Other studies have shown that in the developed world most medical information is usually sourced for from nonmedical sources like the internet to consolidate what they have been told by the physician or get additional information that was not explained by the physician [59, 16]. This however is not the case in the developing world, Nigeria included, as these sources of information are not widely available there. Also, there is a widespread traditional belief in our society that “the physician knows best” and patients therefore accept all information without any queries; this is likely to have affected the patient being discussed. Most patients only want the lesion to be removed and once this is done and they are symptom-free, many of them do not bother to see the physician except when there is a recurrence. This, we believe, is as a result of the disease process on the part of the patients and inadequacy of the informed consent comprehension as a whole. The consent procedure would have been better if the informed consent document is given to the patient to take home, read, and discuss with family members before appending his or her signature. A recent Nigerian study showed that recall of risks was higher in patients who went home with written materials when compared to those who only had verbal counseling [20]. Ezeome et al. in their study on the content of informed consent forms in surgical departments of some Nigerian hospitals found inadequate information on the risks associated with surgery and anesthesia [21]. The use of supplementary materials, especially multimedia, to enhance comprehension of patients has been proven in many studies around the world; these innovations, however, have not been introduced in many Nigerian hospitals [2224].

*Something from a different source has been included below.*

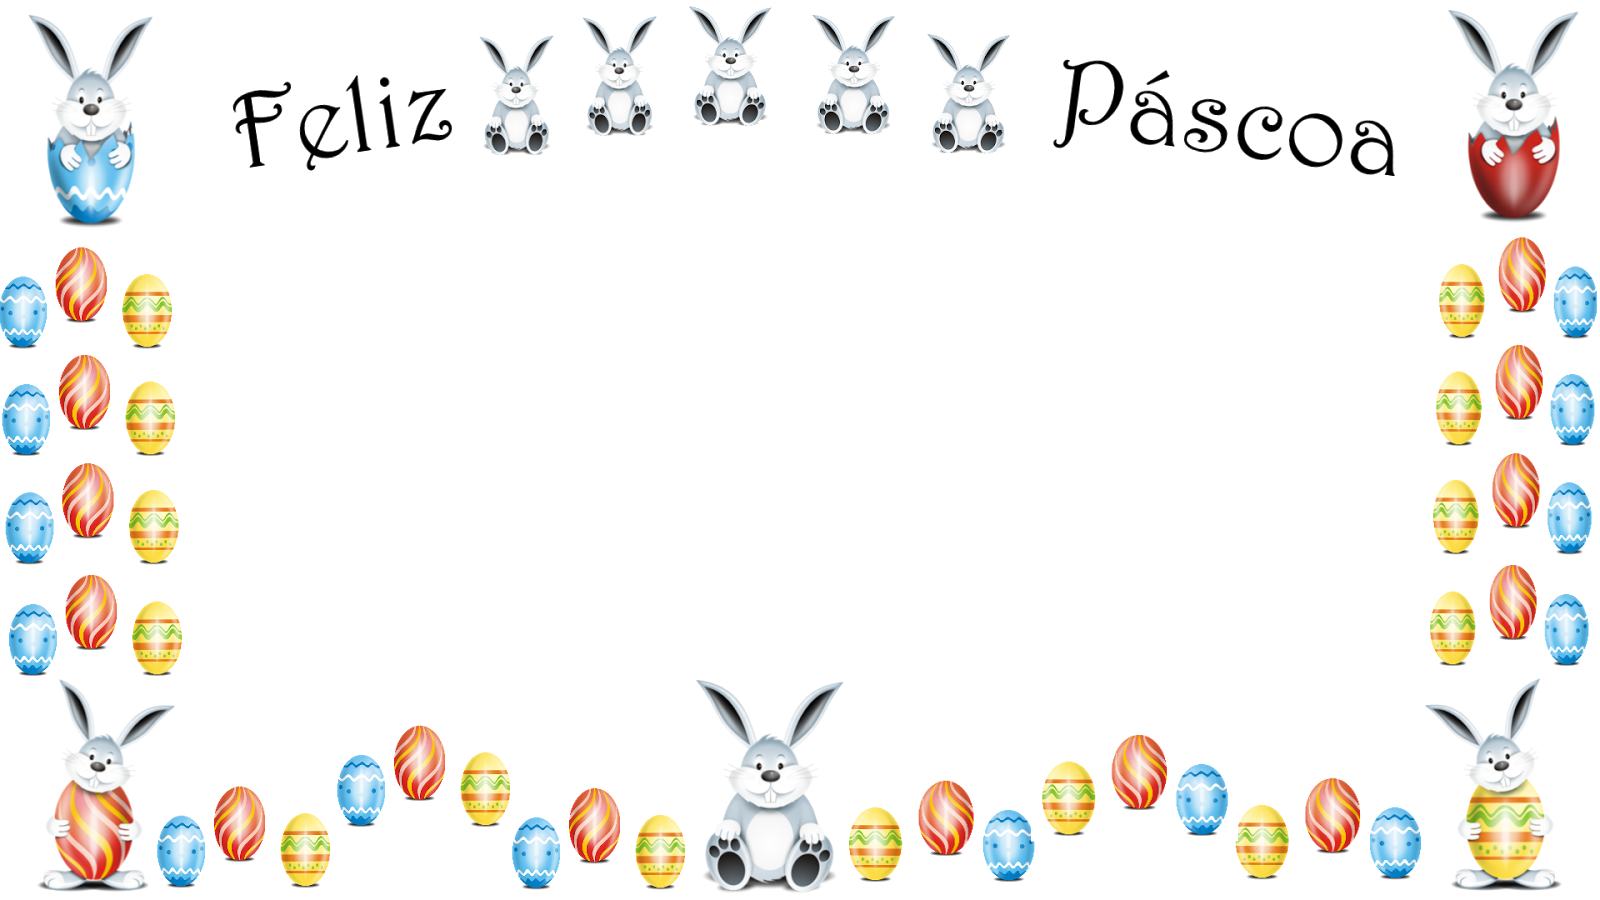 Coelhinhos e ovos-Feliz Pascoa 2 png

In conclusion, this work has highlighted some of the deficiencies in the informed consent procedure in otolaryngology surgery in Nigeria. There is need for a more robust informed consent process that includes the initial outpatient consultation and the preoperative and postoperative period. The importance of written and other forms of communication cannot be overemphasized. It is up to physicians to understand and use these alternative information channels where possible so as to achieve a better level of comprehension among patients. It is also important that the information needs of patients be tailored according to their peculiarities and the need for feedback from patients regarding comprehension of the process.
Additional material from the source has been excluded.